Notre Seigneur disait cela en parlant des pharisiens qui étaient
spirituellement morts et dont il n'y
avait rien à tirer. Moi, je ne dis pas que tout est mort dans ce qui
est tout de même l'Eglise romaine. Les ruines sont terribles, engendrées
par des principes faux, mais il y aurait dans l'Eglise comme un système
de vases communicants : ce qu'on perd d'un côté, on va le gagner de
l'autre. L'Eglise subit une sorte de mue ; disons que nous avons été
les premiers à muer et c'est peut-être pour cela qu'on ne nous
a pas très bien compris. Mais ce qui a été construit grâce aux
sacres, autour des sacres, servira de référence, de base à la
reconstruction. Ce que je tire de ces considérations est très simple :
contrairement à ce que certains pensent, les sacres ne sont pas
seulement une rustine, une réparation provisoire qui tiendra plus ou
moins et qui serait issue du désordre antérieur, c'est un acte de
salut, c'est un acte précurseur.
La
Fraternité Saint Pie X est-elle une avant-garde ou une arrière-garde
dans le combat catholique aujourd'hui ?
Je
dirais que la Fraternité est une avant-garde et une arrière-garde,
mais pas sous le même rapport. Nous sommes une avant-garde et c'est
sans le vouloir, par le fait des circonstances sur tous les sujets. En
morale, en doctrine, nous sommes propulsés dans les premières tranchées,
en première ligne. Il y a des gens qui se croyaient en avance sur nous
dans le combat catholique que vous évoquez et qui se retrouvent bien
derrière nous. Je pense ici en particulier, je dois vous le dire, aux sédévacantistes.

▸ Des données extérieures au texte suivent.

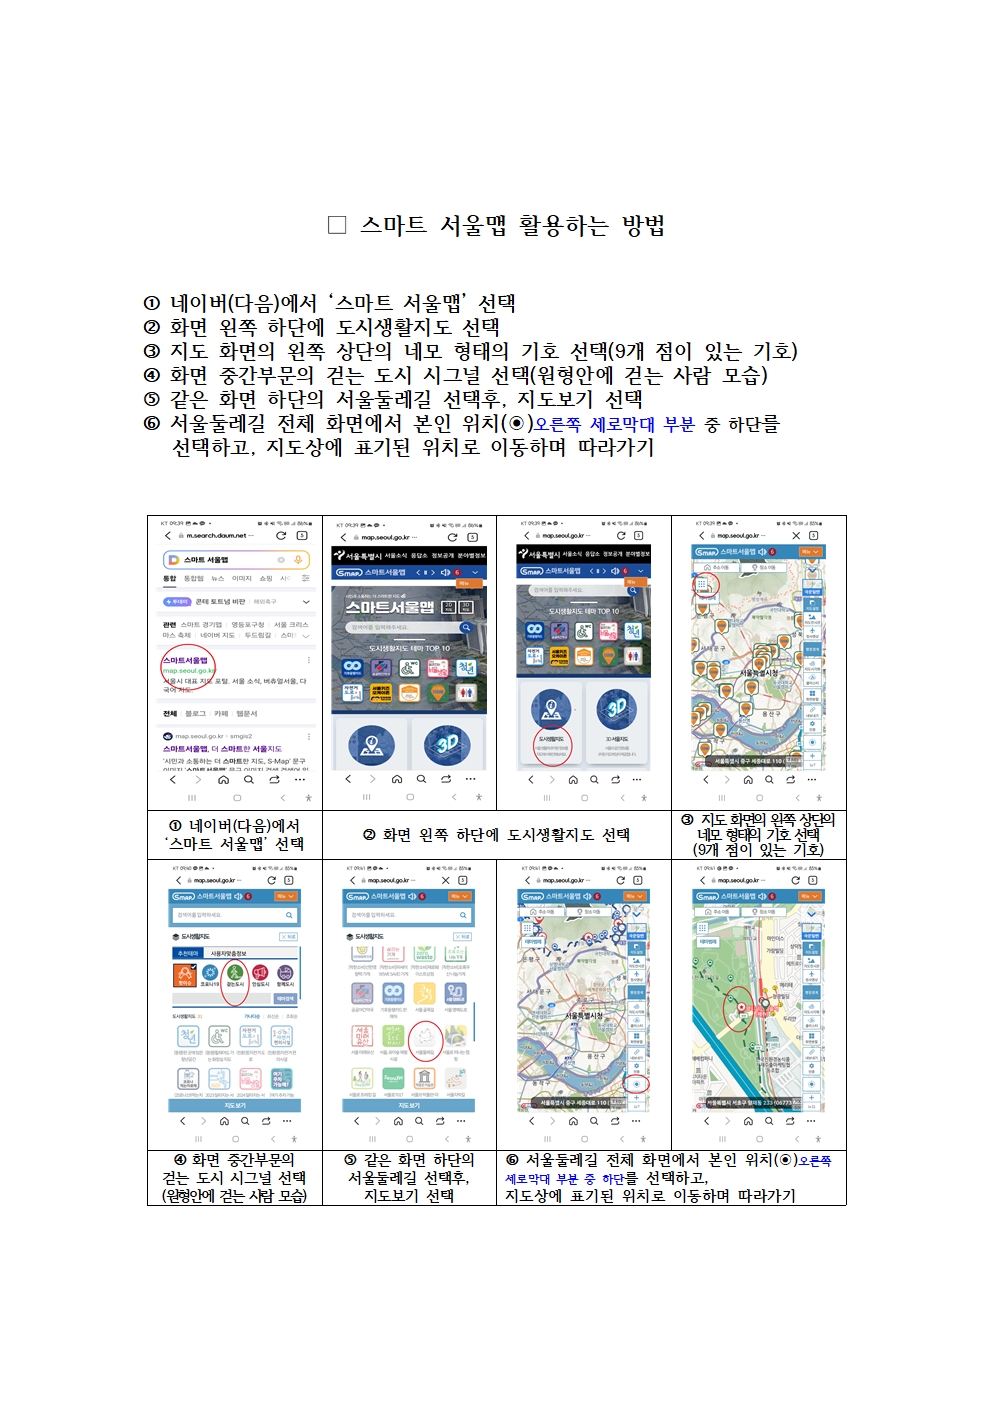 스마트 서울맵 에서 서울둘레길 활용

Mais nous devons aussi camper à l'arrière-garde du troupeau, car il
faut patienter avec ceux qui ne comprennent pas le combat, qui ne sont
pas des battants. Ils gardent la foi, mais ils ne savent que se
raccrocher au bateau pour ne pas couler. Il ne faut pas leur demander
tout de suite de défendre toutes les positions les plus exposées ni de
voir clair sur la liberté religieuse, sur la messe, etc. A ceux-là,
nous donnons les sacrements ; nous voulons leur rendre la vie, leur
rendre la santé avant tout.
De
quelle manière la Fraternité Saint-Pie X se met-elle concrètement au
service de l'Eglise aujourd'hui ?
Le
plus grand service dans l'Eglise est le témoignage de la Foi, en
doctrine comme dans les faits. À cet égard la FSSPX occupe une place
éternellement actuelle et actuellement éternelle. On peut le résumer
en ceci que tous les autres catholiques se demandent quelle part de vérité
ils ont encore le droit de professer au grand jour dans l'Eglise qui se
dit elle-même conciliaire, et, quant à nous, nous nous demandons
seulement quelle autorité nous laisse devant les chrétiens notre
liberté, notre choix résolument libre de la vérité intégrale. On
peut regretter que ce témoignage traditionaliste ne soit plus aussi
incisif et récurrent que par le passé. Mais le développement de notre
Fraternité et les initiatives de quelques prêtres institutionnalisent
heureusement ce qui était charismatique chez Mgr Lefebvre. Mgr agissait
d'égal à égal avec les autorités romaines : parmi les successeurs
des apôtres, il lut le seul à garder la romanité, cela lui a donné
une autorité historique en quelque sorte.